Earl bowed his head briefly and turned to the assembly. All were silent, ready for the eulogy he would surely have prepared and practiced many times.
“Well, folks, my mother asked me to keep this brief, so I will.” It was brief. A five-minute synopsis of Trudy’s unexceptional life, mother, wife, utility billing clerk, a few generic statements about “not dwelling on the loss, but remembering when she was with us,” and a reading that sounded like it came directly from one of the sympathy cards near the guest book.
Earl stopped talking. The silence stretched uncomfortably. He stared at the windows in the back of the church for so long that people turned to look. Just windows. The stained glass dove in the middle was a little streaky from the injudicious application of birdshit by its live counterparts, but the soiled dove wasn’t some relevant symbolism, was it? Murmuring built in the crowd as they asked their pew-mates what was happening.

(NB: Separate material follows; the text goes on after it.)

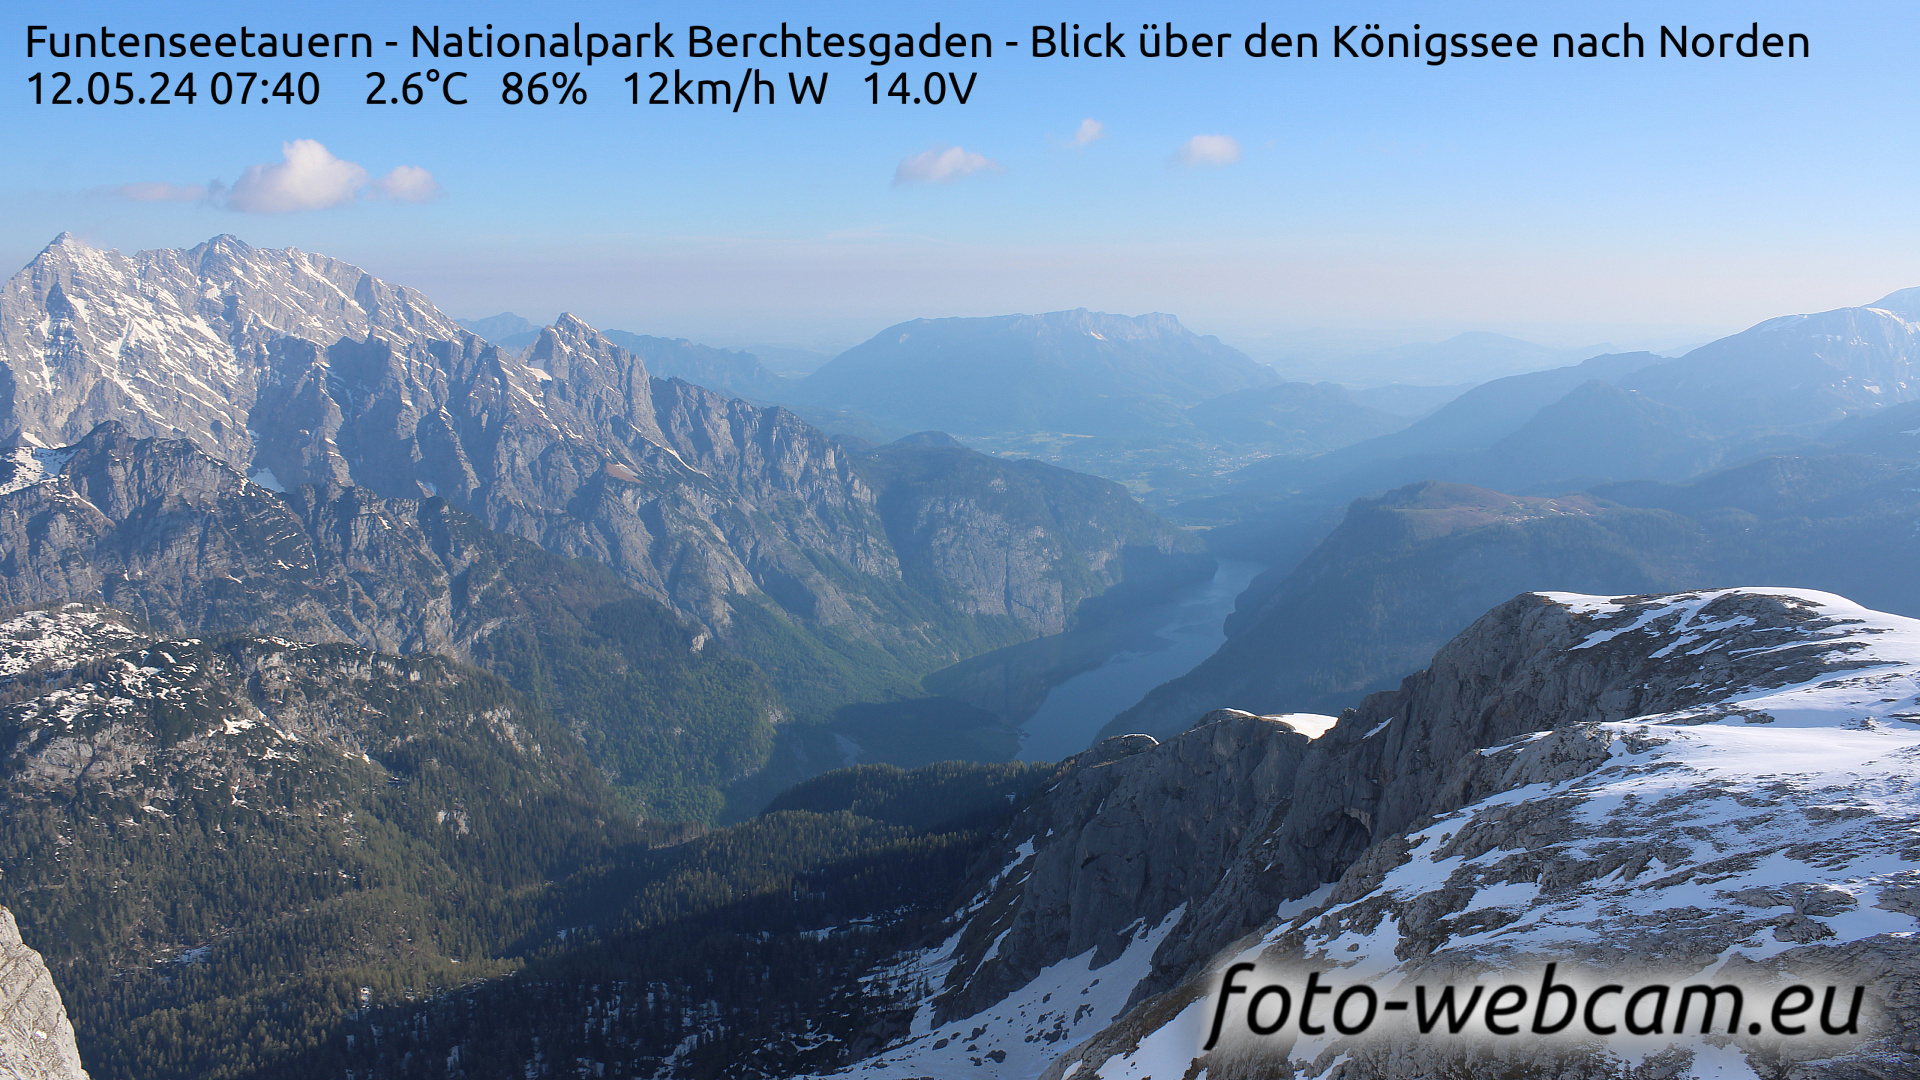 Berchtesgaden Me. 07:48

Behind Earl, a hand appeared at the edge of the casket, four fingers gripping the rosewood, bejeweled and shaky. They tightened, and with apparent strain, the old woman levered her head off its silk pillow high enough to see out. “What in His name are you doing, Earl?” she demanded. The mourners gasped. Once someone had passed, they didn’t pop up to comment on the funeral.
“Oh!” Earl jumped. “Nothing. I just forgot what was next.”
“Well, that’s because LU-ANNE was supposed to be up here already. LU-ANNE!” Trudy barked. Luanne launched off her chair and ran up the aisle, her low heels giving her an uneven gait, like a wobbly seagull. As the crowd gaped, Trudy turned her attention to them. “BOO!” she yelled, and half of them jumped. Her face broke into a wide grin and she laid back down, chuckling at the shock and dismay of her “loved ones.” They were reconsidering whether a share of the estate equalization was worth being associated with this. Trudy’s hand slowly slid back into the casket. Her laughter was muffled by the wood and satin, but everyone could still hear it.
Luanne fixed that by launching into a heavy-handed version of some classical piece. It sounded like a gang of Vikings was going to storm the church any second. It wasn’t calming, but it was progress, and at this point, people just wanted it over with. Such shocking behavior from Trudy probably shouldn’t have surprised them, but they had assumed she’d be better after she’d passed. Rising up out of the coffin to act up was just too much.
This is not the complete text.